I look back over the past few
decades of social thinking with understanding. I was too young to really
experience the tension of the Cold War, but it must have been brutal. I
understand why so many people, when the Soviet Union fell, grabbed onto a
vision of the future that promised an end to existential conflict.
I look at the current situation with
humility. The critiques that so many people are making about the West,
and about American culture — for being too individualistic, too materialistic,
too condescending — these critiques are not wrong. We have a lot of work to do
if we are going to be socially strong enough to stand up to the challenges that
are coming over the next several years, if we are going to persuade people in
all those swing countries across Africa, Latin America and the rest of the
world that they should throw their lot in with the democracies and not with the
authoritarians — that our way of life is the better way of life.
And I look at the current situation
with confidence. Ultimately, people want to stand out and fit in. They
want to feel their lives have dignity, that they are respected for who they
are. They also want to feel membership in moral communities.
Right now, many people feel
disrespected by the West.
They are casting their lot with
authoritarian leaders who speak to their resentments and their national pride.

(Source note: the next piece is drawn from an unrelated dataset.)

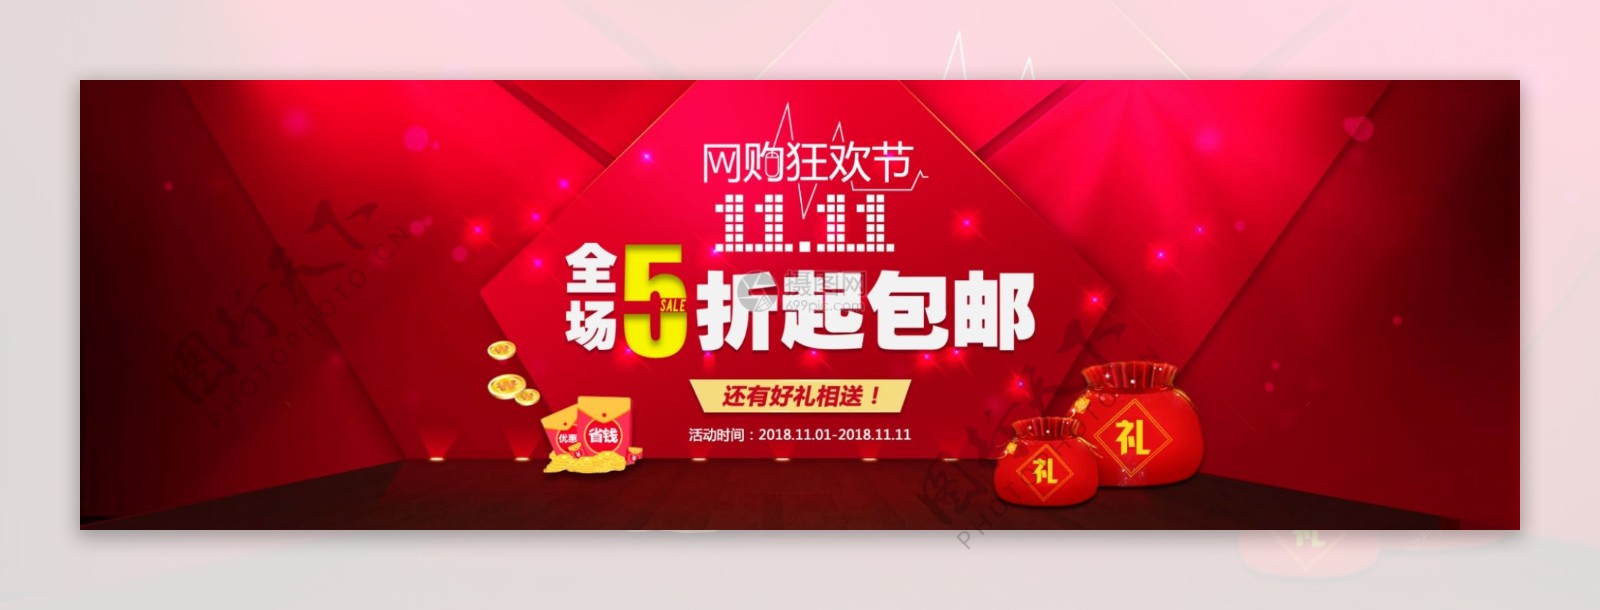 双11网购狂欢节banner海报

But those leaders don’t actually recognize them. For those authoritarians —
from Trump to Putin — their followers are just instruments in their own search
for self-aggrandizement.
At the end of the day, only
democracy and liberalism are based on respect for the dignity of each person.
At the end of the day, only these systems and our worldviews offer the highest
fulfillment for the drives and desires I’ve tried to describe here.
I’ve lost confidence in our ability
to predict where history is headed and in the idea that as nations “modernize”
they develop along some predictable line. I guess it’s time to open our minds
up to the possibility that the future may be very different from anything we
expected.
The Chinese seem very confident that
our coalition against Putin will fall apart. Western consumers won’t be able to
tolerate the economic sacrifice. Our alliances will fragment.
The Chinese also seem convinced that
they will bury our decadent systems before too long. These are not possibilities
that can be dismissed out of hand.
But I have faith in the ideas and
the moral systems that we have inherited. What we call “the West” is not an
ethnic designation or an elitist country club.”